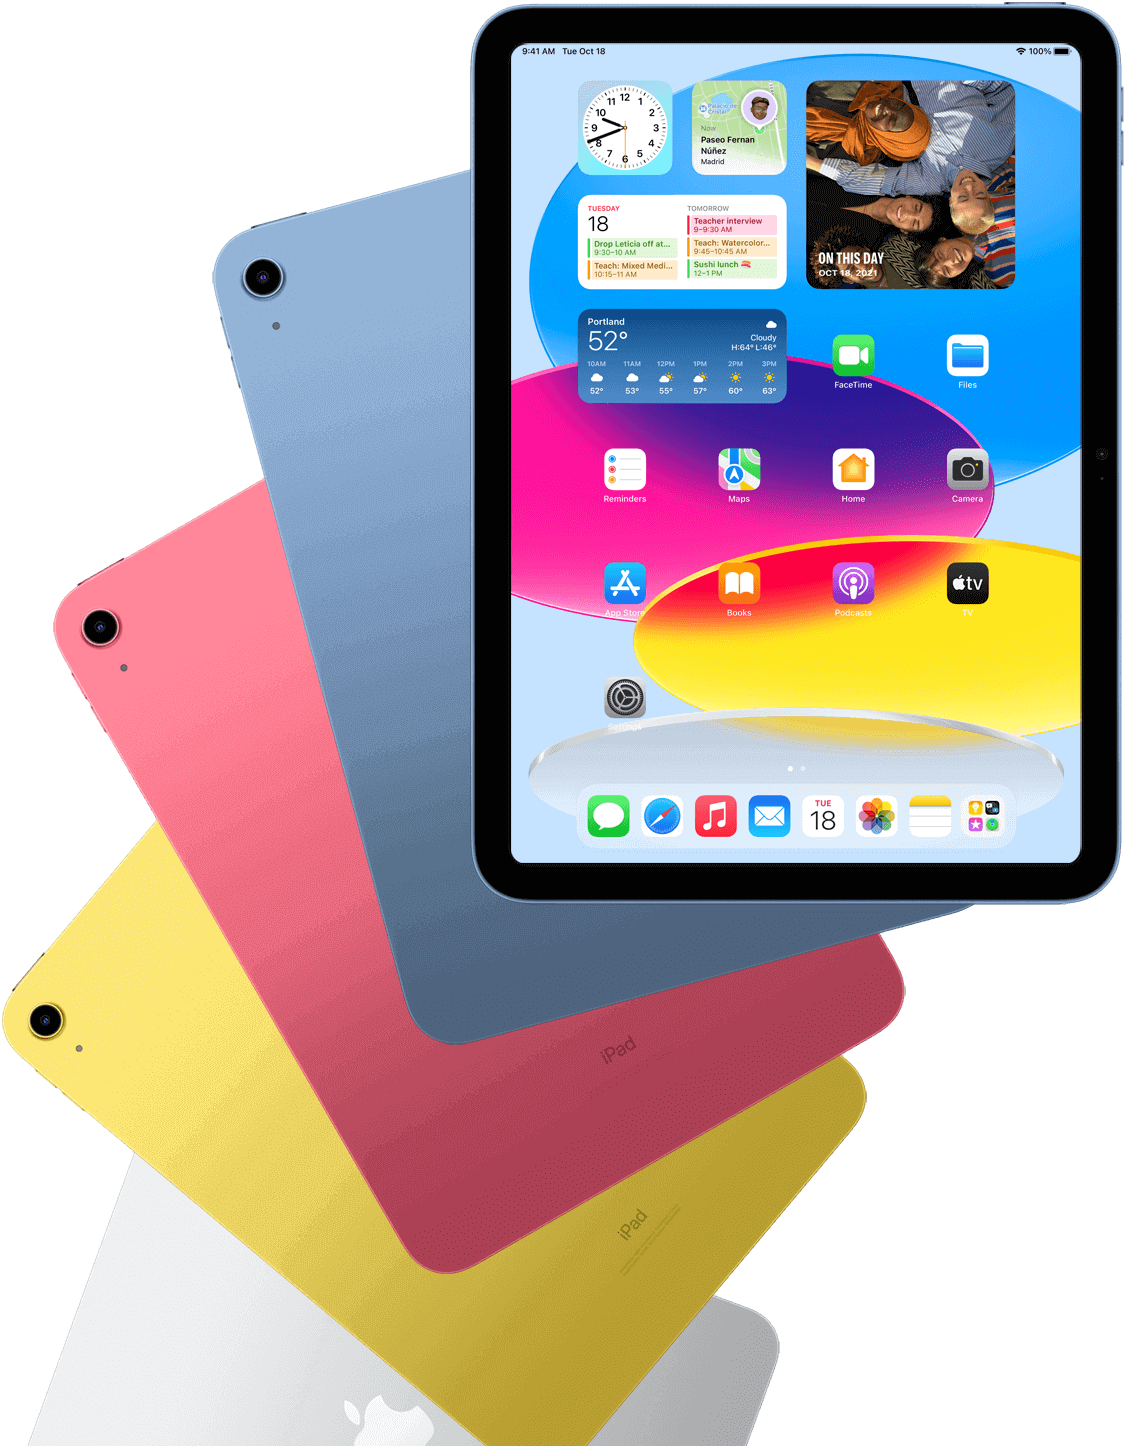 Вигляд iPad спереду, з відкритим головним екраном, і пристрої iPad синього, рожевого, жовтого та сріблястого кольорів за ним.
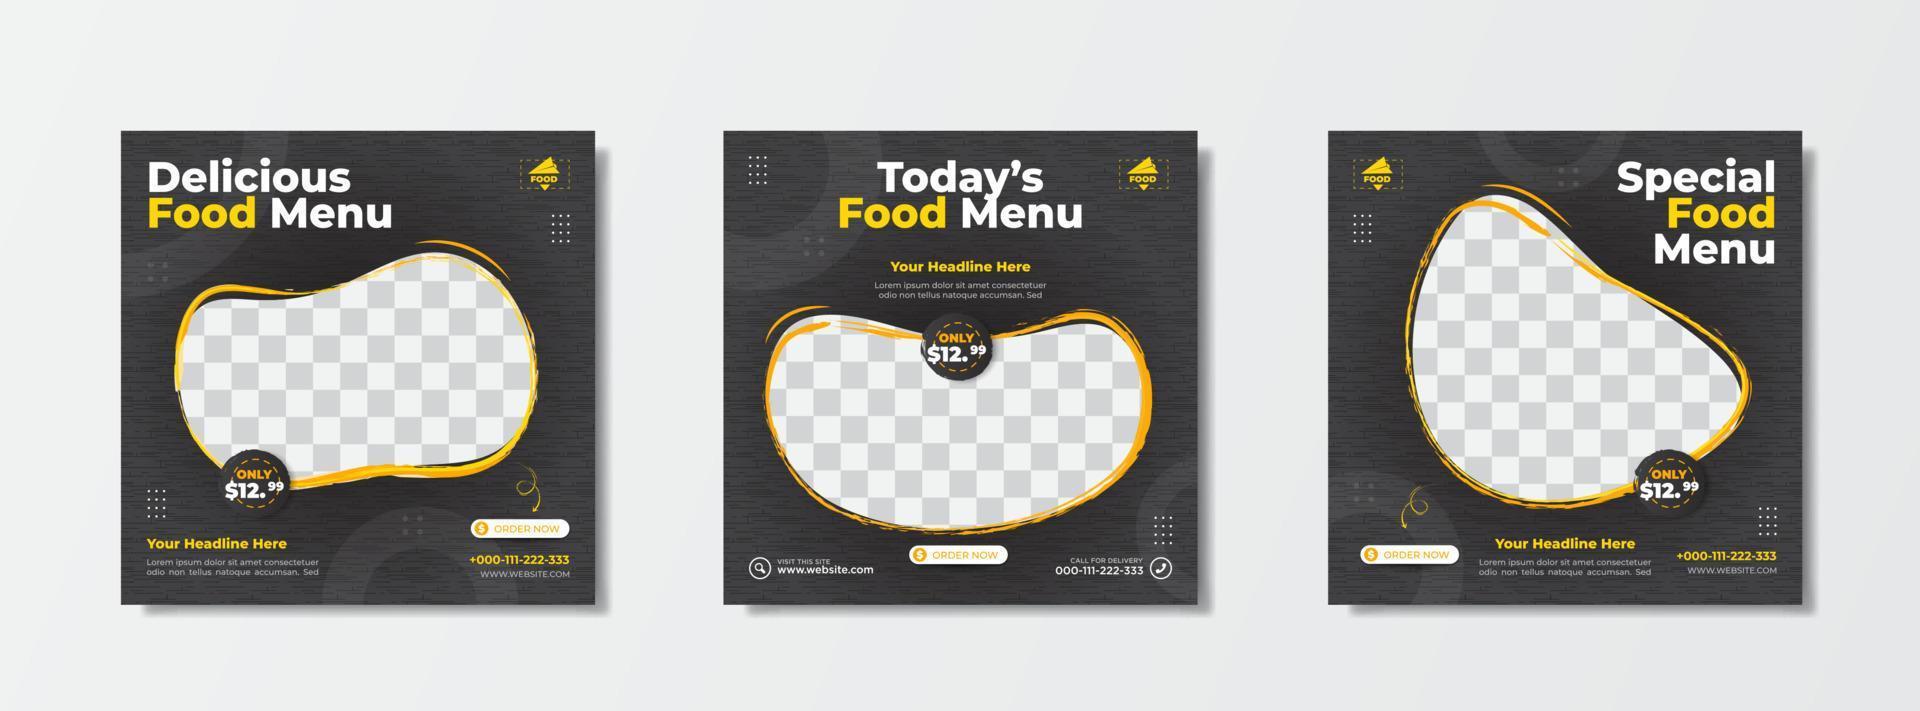 modelo de venda de promoção de menu de comida com fundo escuro para postagem de mídia social vetor
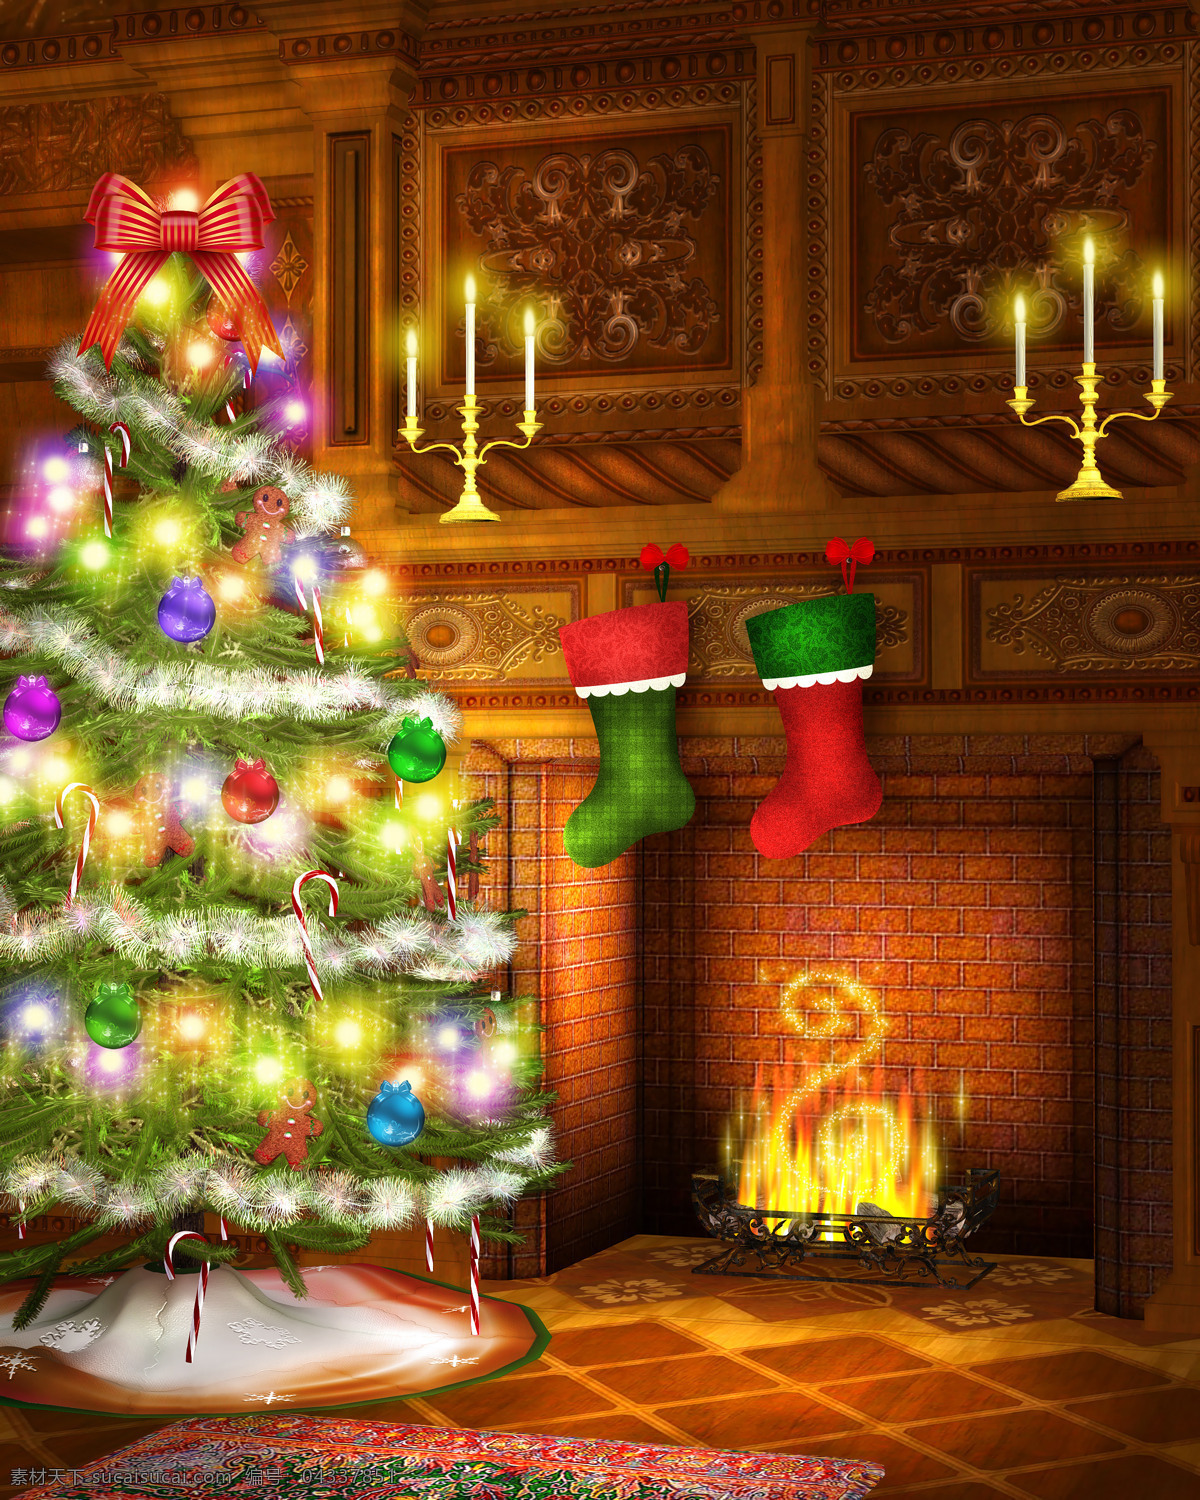 甜蜜 圣诞节 节日 圣诞节快乐 雪花 梦幻 唯美 甜蜜圣诞节 圣诞节袜子 圣诞树 炉火 温暖 烛台 霓虹灯 圣诞节图片 生活百科

● **Task instructions**
All of the data must be given again exactly, without the pictures.

● **Reply to the task**
 Вигляд iPad спереду, з відкритим головним екраном, і пристрої iPad синього, рожевого, жовтого та сріблястого кольорів за ним.
 modelo de venda de promoção de menu de comida com fundo escuro para postagem de mídia social vetor
 甜蜜 圣诞节 节日 圣诞节快乐 雪花 梦幻 唯美 甜蜜圣诞节 圣诞节袜子 圣诞树 炉火 温暖 烛台 霓虹灯 圣诞节图片 生活百科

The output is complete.